Artificial Intelligence, Machine Learning & Internet of Medical Things (IoMT) for COVID-19 & Future Pandemics: An Exploratory Study
Written by Himanshu Sharma1 and Ahteshamul Haque2*
The COVID-19 pandemic has significantly affected millions of human lives in the entire world. Worldwide healthcare professionals are working day and night for the treatment of COVID-19 patients. In this critical situation, Artificial Intelligence (AI), Machine Learning (ML) & the Internet of Medical Things (IoMT) technologies can play an important role in efficient vaccine distribution and treatment of COVID-19 patients. In smart cities, smart hospitals are generally equipped with IoMT devices. The IoMT devices are used for sensing, monitoring and control of patient health data, such as respiration rate, blood pressure, blood sugar, heartbeats rate, and other critical health parameters. A typical IoMT scenario consists of an intensive care unit (ICU), various medical instruments, and a wireless body area network (WBAN) connected to the internet. A WBAN consists of sensors and actuators which can be placed on clothes, over and under the human skin. In this article, we outline how IoMT-based healthcare solutions, powered by AI and ML techniques, can be used to combat COVID-19 and future pandemics in support of smart healthcare in smart cities.
Coronaviruses are a large family of viruses that are known to cause illnesses ranging from the common cold to more severe diseases, such as Middle East Respiratory Syndrome (MERS) and Severe Acute Respiratory Syndrome (SARS). The term COVID-19 has its meaning, as the first two letters (‘CO’) stand for corona, 'VI' for virus, and 'D' for disease, which started in the year 2019, hence named as COVID-19 by the World Health Organization (WHO). According to the latest report of the WHO, as of June 2021, the number of confirmed COVID-19 cases surpassed 180 million people, with a huge death toll number of approximately 4 million people . The research and development teams in medical companies have developed vaccines that are being supplied worldwide to the frontline workers, such as the Pfizer COVID-19 vaccine (BNT162b2). The AI and ML techniques, such as regression, classification, and clustering, can be useful for the efficient treatment of COVID-19 patients, and for COVID-19 vaccinations. A new vaccine named as COVAXIN® - India's first Indigenous COVID-19 Vaccine by Bharat Biotech is developed in collaboration with the Indian Council of Medical Research (ICMR) in 2021.
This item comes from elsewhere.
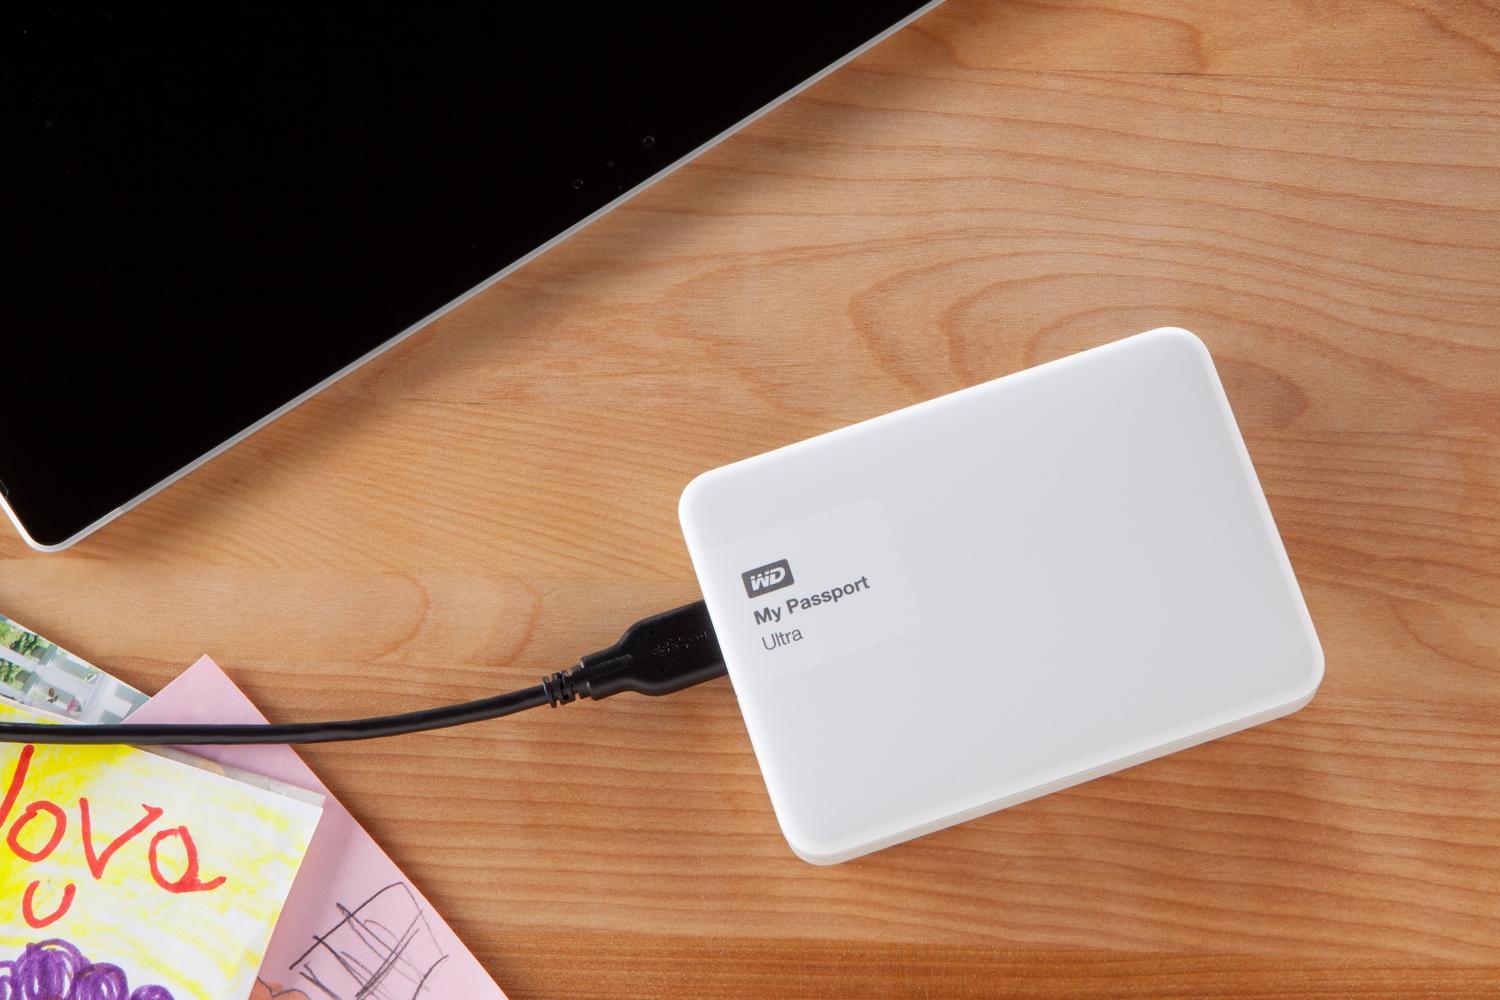 western digital raises portable my passport drive capacity to 3tb adds new colors wd mypassport ultra may2015 2

2. Artificial Intelligence (AI) & Machine Learning (ML)
AI refers to the ability of machines to perform cognitive tasks like thinking, perceiving, learning, problem-solving, and decision making. ML is a part of AI in which computer algorithms learn how to make decisions to become more efficient. The term ML was coined by Arthur Samuel in 1959, which meant “the ability to learn without being explicitly programmed.” Internet of Things (IoT) refers to the network of objects which can be connected to the internet to perform a specific task. The combined powers of AI, ML, and IoT can be utilized for COVID-19 disease patient treatments effectively. Internet of Medical Things (IoMT) can be defined as the application of the fundamental techniques of IoT for the medical and healthcare sectors and domains.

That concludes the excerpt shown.